The current bounce – or rebound – in the Chinese consumer demand will help global luxury-goods makers mitigate the sales hit in the U.S. and European markets as these nations continue to battle the virus.
The growth in Moutai’s revenue, which relies almost solely on the domestic market for revenue, came despite restaurants and bars staying shut through most of the first quarter.
The scarcity of the high-end baijiu helped keep demand strong. Consumers still sought out Moutai’s fiery liquor, which is highly coveted by the growing middle class. The results are a testament to the drink’s staying power throughout the crisis, and consumers’ ability to get access to baijiu bottles despite the restrictions.
Citigroup Inc. analysts including Xiaopo Wei lifted their target price for Moutai by 29% to 1,450 yuan after the better-than-expected earnings and said the distiller provides an unique opportunity for investors in China’s consumer staple sector, given its resilient growth amid volatile market conditions.
Moutai, like fellow premium baijiu maker Wuliangye Yibin Co., also benefited from lucky timing with Lunar New Year, traditionally their peak sales season of the year, falling earlier than usual this year with the holiday starting on Jan. 24. By the time the coronavirus epidemic broke out in earnest in China — the central Chinese city of Wuhan was sealed off on Jan. 23 — distributors had already completed their orders.
So when retail prices of bottles fell in February and March as the epidemic shut down China’s economy, it was distributors whose profits were hurt and not the distillers.
Wuliangye reported 19% profit growth for the first quarter and Jefferies Hong Kong Ltd. analysts raised their target price and earnings estimate for the year for Moutai’s rival.

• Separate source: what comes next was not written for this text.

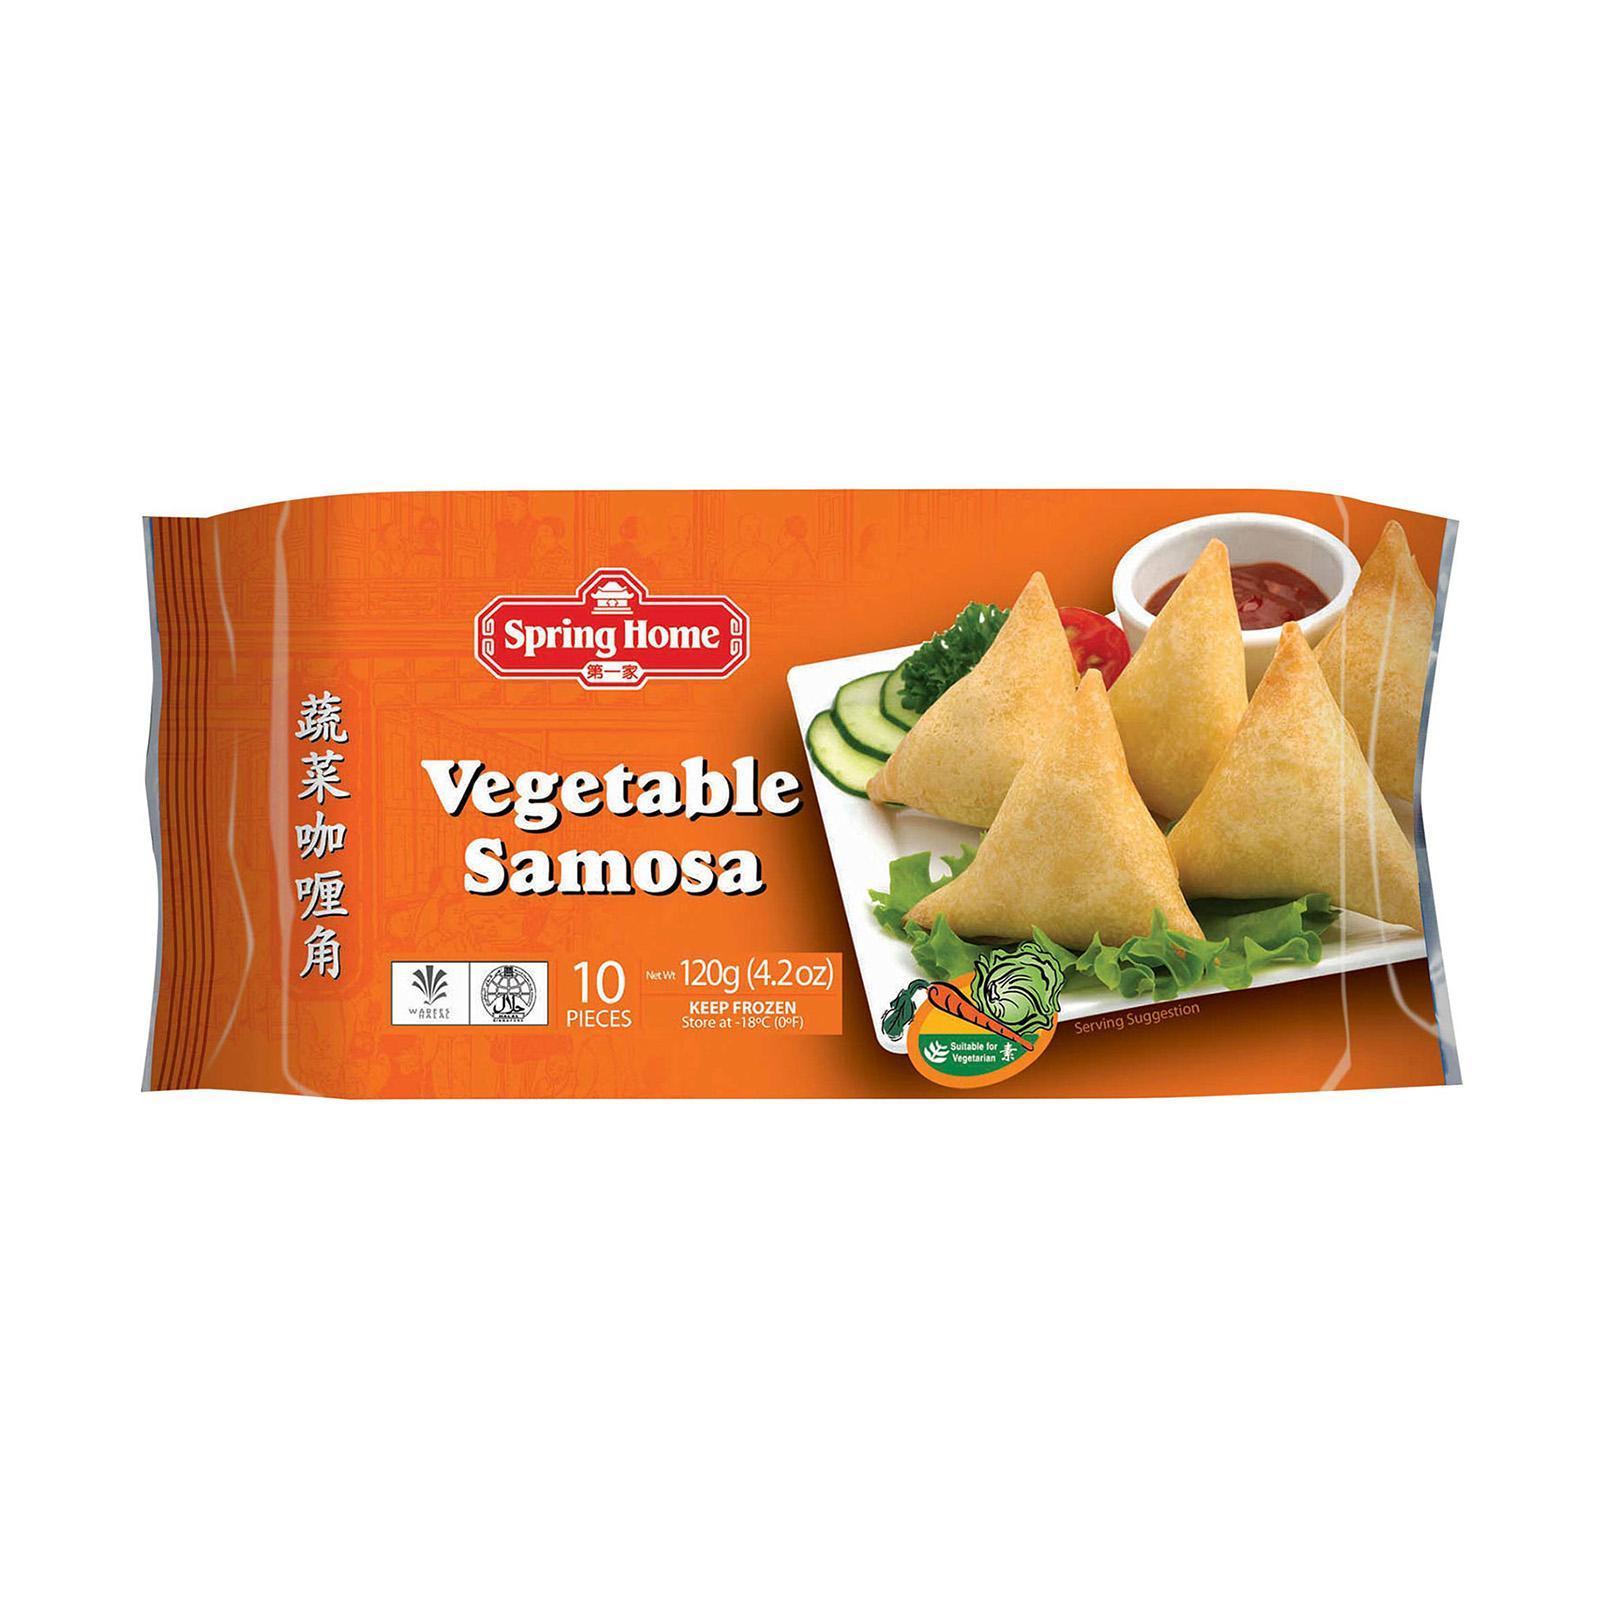 Spring Home Vegetable Samosas (10 Pcs) - Frozen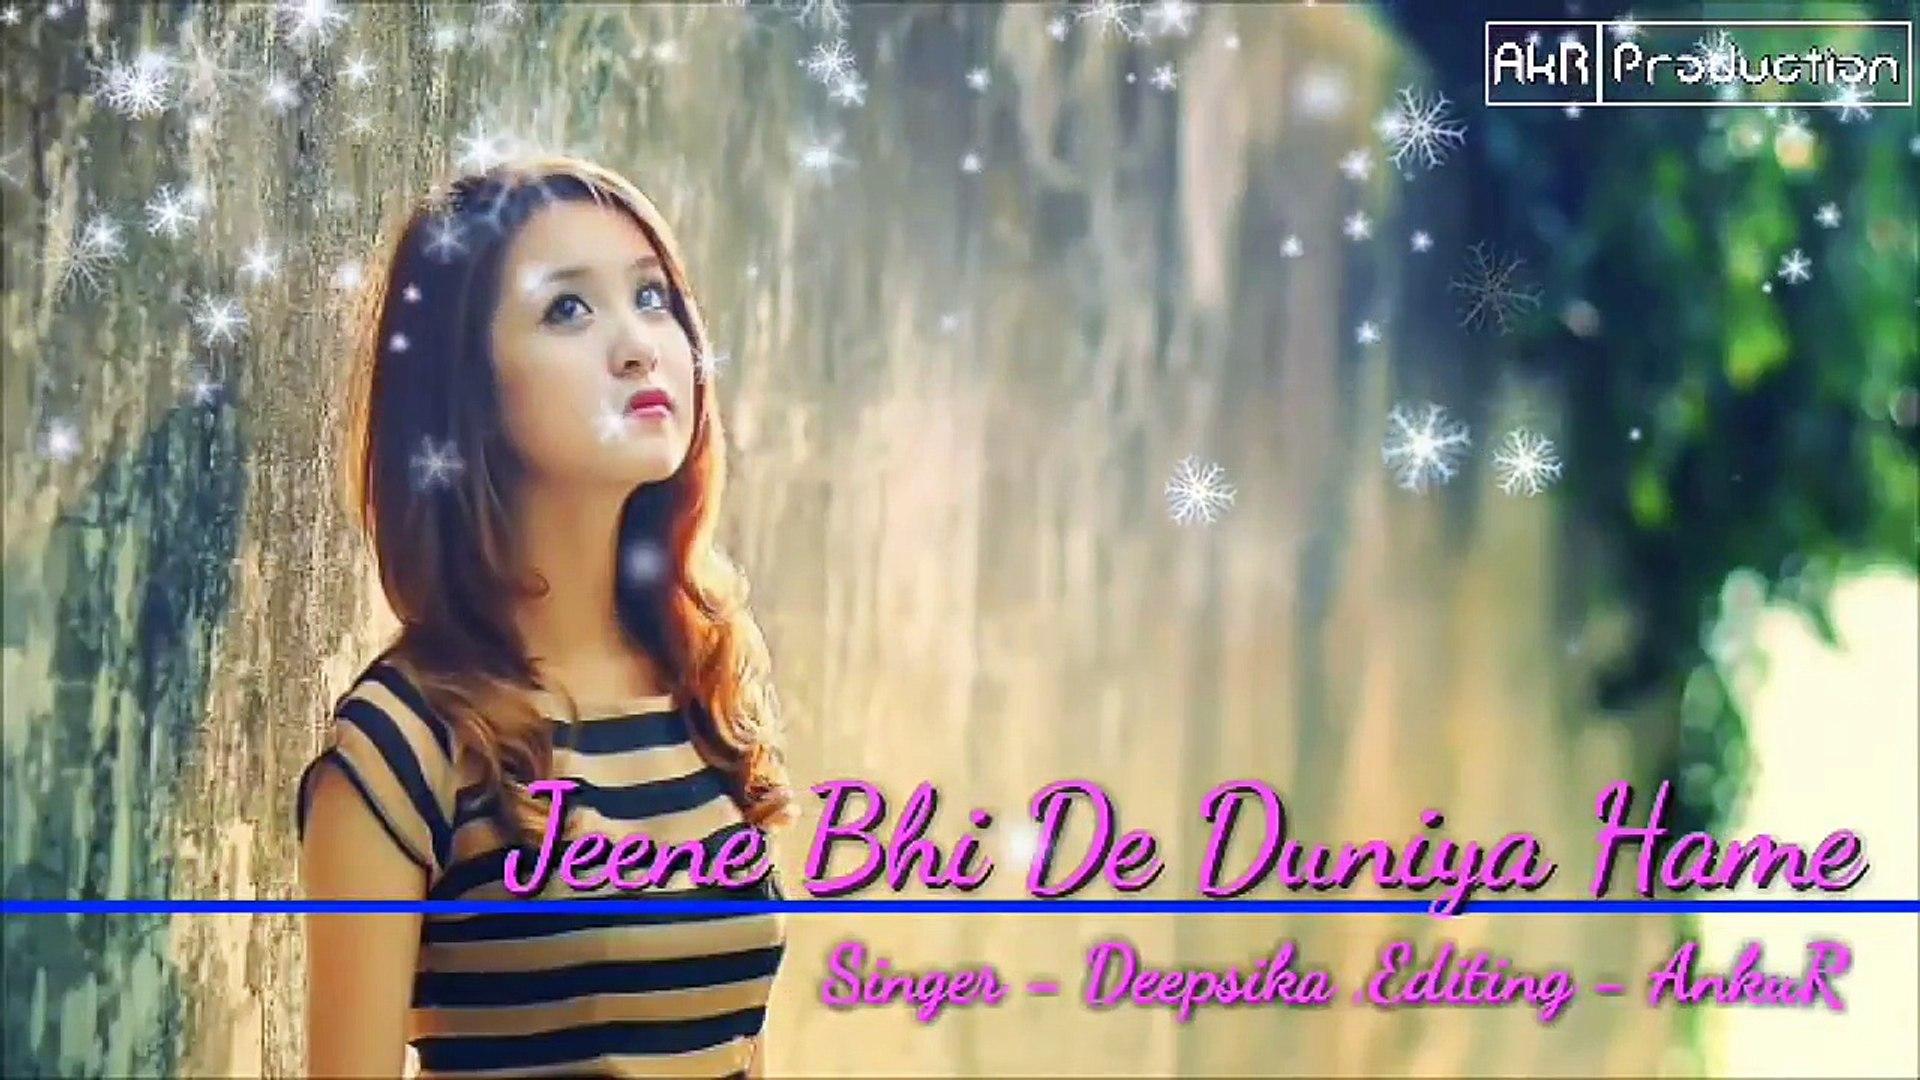 Jeene Bhi De Duniya Hume Lyrics Very Very Hart Tucing Love Song 2018 Video Dailymotion

Wuliangye shares rose as much as 4.5% on Tuesday.
The positive results may be a hopeful sign for the rest of the year. Moutai had set a more modest sales growth target of 10% for this year, after revenue rose about 15% for 2019, missing analyst estimates for the first time since 2015. The disappointing results raised concerns that consumer sentiment in China was weakening even before the virus outbreak hit the market.